Para atingir seus objetivos declarados de juntar sonho e realidade, os surrealistas desenvolveram várias técnicas como escrita automática, jogos e experimentos com hipnose, sessões espíritas e estados de transe; acaso e espontaneidade eram valorizados como um meio de acessar as profundezas do inconsciente mental.

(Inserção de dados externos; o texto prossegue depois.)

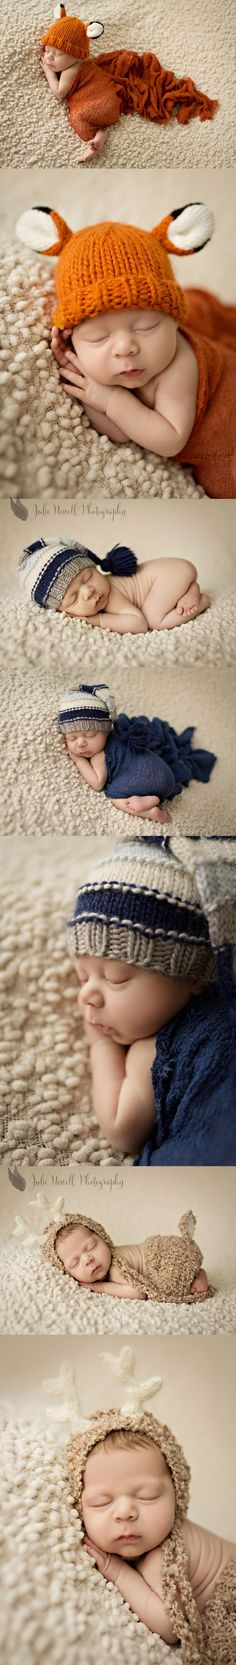 newborn photographer, newborn photography, chicago newborn photographer, chicago newborn photography, newborn boy photographer, newborn boy photography
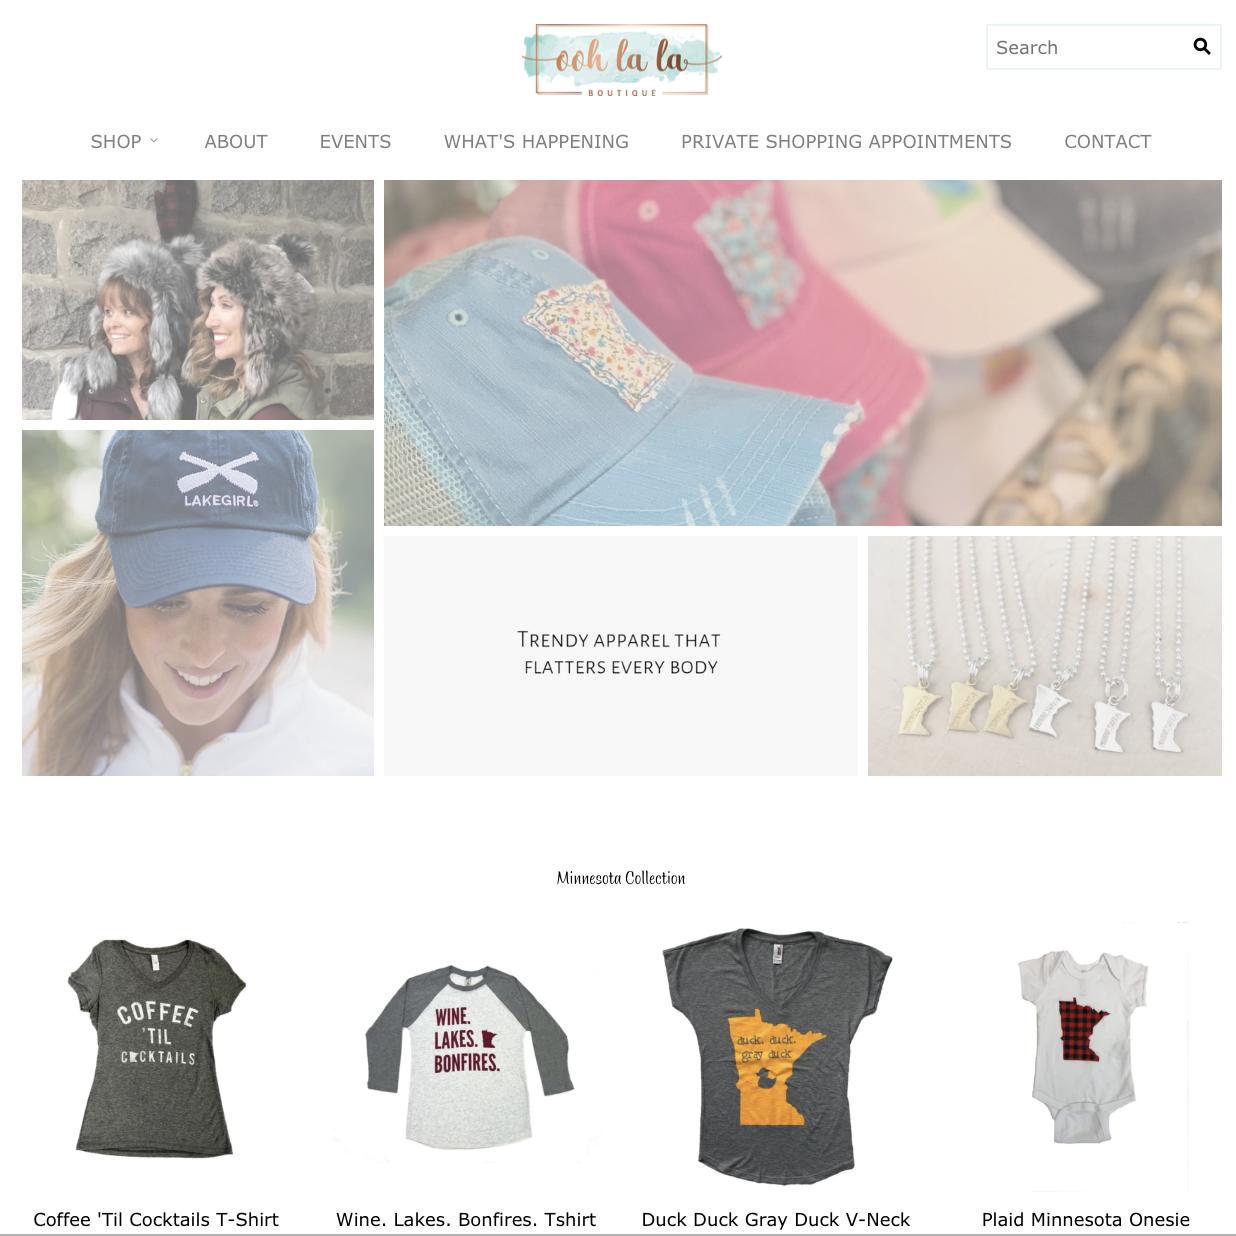 Ooh La La Boutique Website

Essas excursões, independente de quão freqüente Breton e outros solenemente rejeitassem a existência do sobrenatural, levou por vezes o grupo surrealista ao pântano do espiritualismo. De acordo com Nadeau, por exemplo, em “uma hosana em honra ao Leste”, consistia quase toda a 3ª edição da La Révolution Surrealiste, editada por Antonin Artaud na primavera de 1925. Artaud, Robert Desnos e outros tinham descoberto um “novo tipo de misticismo” associado com “O misterioso Leste de Buda e de Dalai Lama”. [11] Nesse ponto Breton reassumiu o controle editorial do periódico e logo depois desenvolveu uma orientação em direção ao marxismo e ao Partido Comunista.

No primeiro manifesto, Breton tinha ido tão longe em sua paixão pelos sonhos e pelo sonhar que chegou a sugerir que o estado desperto era “um fenômeno de interferência.” [12] Sua visão se alterou, por um tempo pelo menos, assim que fez um sério esforço de reconciliação com as concepções marxistas de meados dos anos 20 em diante. Em uma palestra dada na Bélgica em 1934, Breton notou que em 1925 “a atividade surrealista... entrou em sua fase pensante. Ela subitamente experimentou a necessidade de atravessar o vácuo que separa o idealismo absoluto do materialismo dialético.” [13] Em um de seus melhores ensaios, “Fronteiras não-nacionais do Surrealismo” (1937), Breton proclamou a primeira de “um conjunto fundamental e indivisível de proposições”: “a adesão a todos os princípios do materialismo dialético endossados em sua plenitude pelo surrealismo: a supremacia da matéria sobre o pensamento....” [14]

Seria justo dizer que sempre teve algo de temporário sobre esta “adesão” e que Breton achava a dialética muito mais convincente do que o materialismo. Ele aparentemente manteve a visão, compartilhada por muitos intelectuais de esquerda daquele século, de que Materialismo e Empiriocriticismo de Lênin era um trabalho particularmente vulgar e simplista.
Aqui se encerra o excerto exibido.